From what emerges from the available sources, GL was a woman born in Brussels, where she lived until the age of 32, then moved with her family to Nivelles, also in Belgium. Married at 24 to a man born in Morocco, she had had 5 children with him, 4 girls and a boy, aged 14, 12, 10, 8 and 3 at the time of the events. After graduating, she worked as a teacher, except for long periods of absence for health reasons or the birth of her children. A certain degree of economic difficulty and housing problems seem to emerge, as well as family tensions relating both to these and to the frequent absences of her husband, who made many trips to Morocco to maintain contact with the family, as, reported by the interested party. These issues were further complicated by the cohabitation with another older male figure, who, according to GL, had also taken on the role of the “economic protector” of the family. GL identifies this figure as significantly responsible for the relational difficulties within the family. There is insufficient information available on this potentially central aspect. But in the story following the murder, none of these problematic areas are described in such detail or emphasized to such a degree that they could have represented a recognizable or specific main causal factor for the dramatic outcome of the story. But upon careful examination some other considerations are possible. From news data, it can be reconstructed that GL is a woman who marries at the age of 24, and changes city at the age of 32, moving from the capital of Belgium to a provincial town seven times smaller than Brussels. The first daughter was born when GL was 42 years old, the second when she was 44, the third at 46 years old, the fourth at 48 years old and the last one at 53 years old. Already in this sequence, many inconsistencies can be observed, but doubts cannot be resolved because of the lack of information about GL’s story.
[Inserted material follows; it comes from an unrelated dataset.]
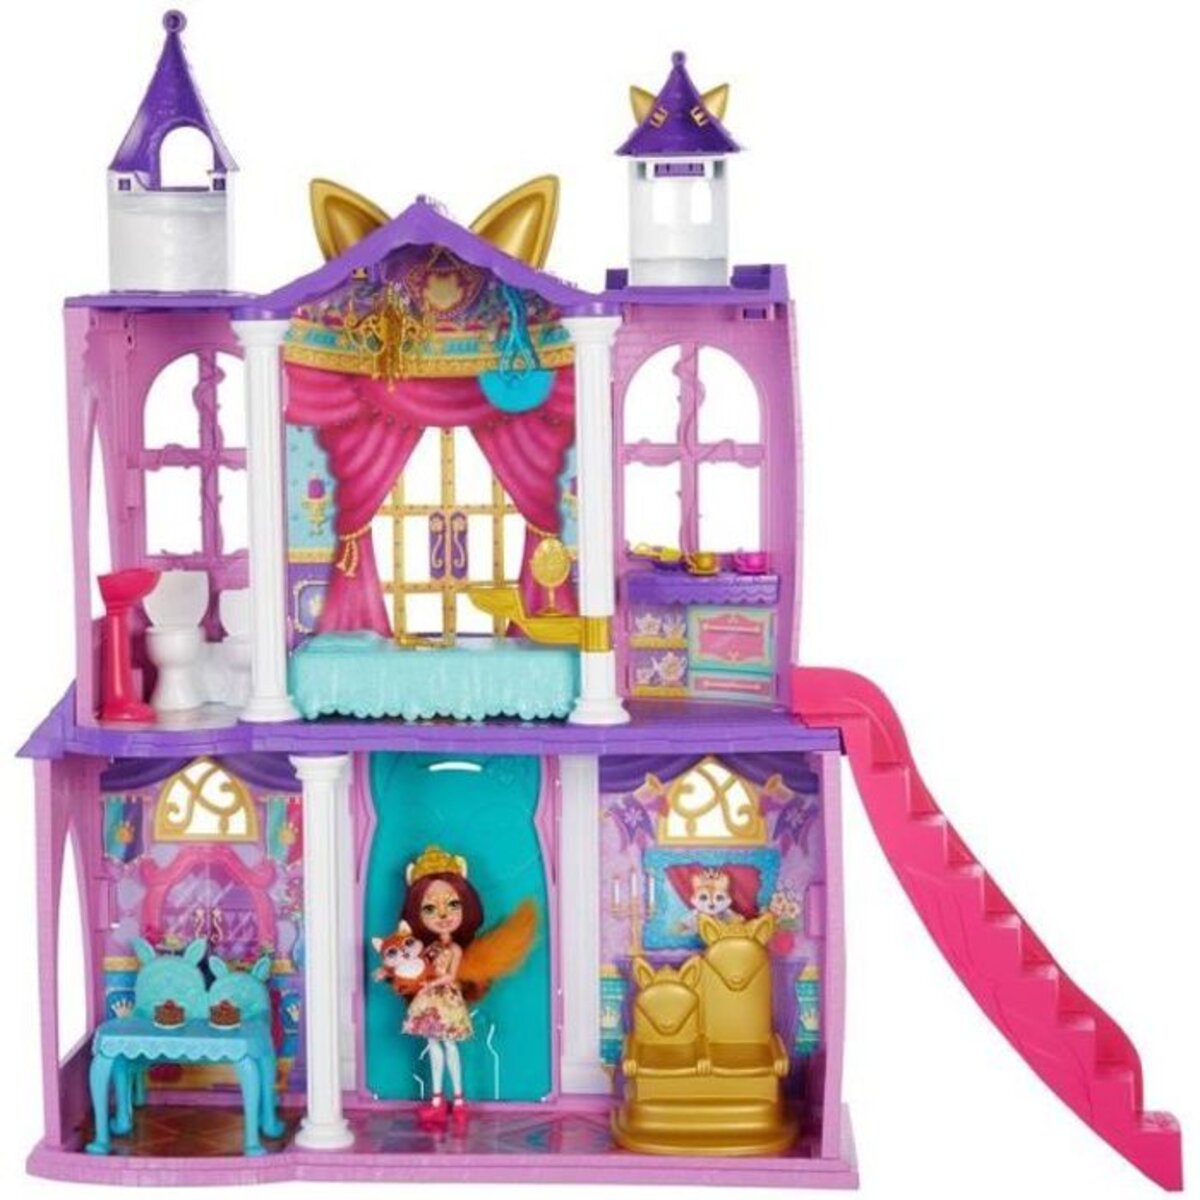 Enchantimals - château royal enchantimals 66 cm avec poupée renard figurine  et 19 éléments de jeu - maison mini-poupée - des 4 ans - La Poste
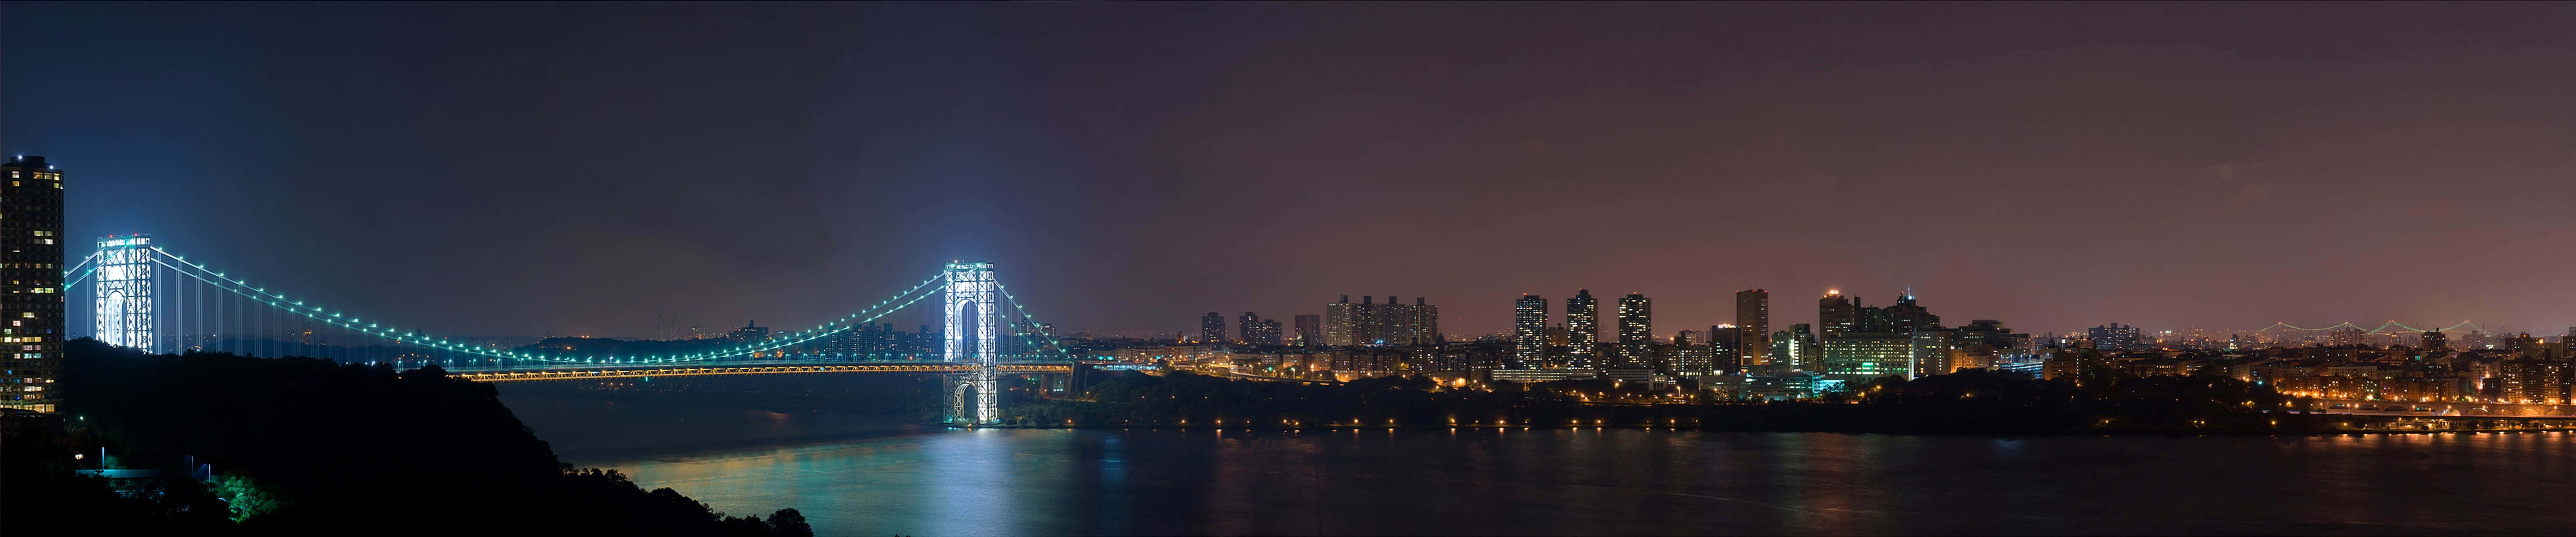 Impresionantefondo De Pantalla Para Monitor Del Puente George Washington En El Pixel 3

On 28 February 2007, in an apparently lucid and certainly premeditated way, GL killed, separately her 5 children at home, cutting their throats with knives stolen for this purpose from a shop. The described modality of filicide is that of a sacrificial rite. The children are slaughtered one by one, alone, like Medea’s children, and their bodies are placed in their beds together with their toys.

The episode was told by GL in a type of experience that is difficult to distinguish between the hallucinatory and the dissociative: documents report the sequence of events beginning when she heard a voice saying “the car has started”, the repetitive and seemingly automatic homicidal behaviour, a writing “JUD/Judas” with the blood of a little girl, a finally attempted suicide witout success

Psychiatric aspects

Before the dramatic outcome, there were some anamnestic data of psychiatric interest, these too not emphasized in their previous dimension, such as a diagnosis of “puerperal depression” in 2011, at 44 years old, after the birth of the second daughter and the event, described imprecisely, that GL has undergone outpatient psychiatric treatment since 2005, at the age of 38, six years after moving to Nivelles and four years before the birth of her first child. There are no other diagnoses issued to her either before or after the puerperal depression, nor has there been any report of the recurrence of similar episodes at the end of the three subsequent pregnancies. The regularity or frequency of psychiatric visits is not known, nor is there information on any pharmacological treatments carried out.

It is possible that the family distress, mentioned several times by GL, played not only as an external reality but also in the subjective experience a central role in accentuating the condition of mental suffering, also from what emerges from a letter sent by GL to a friend immediately before the murder, in which the most relevant factors of family suffering are described.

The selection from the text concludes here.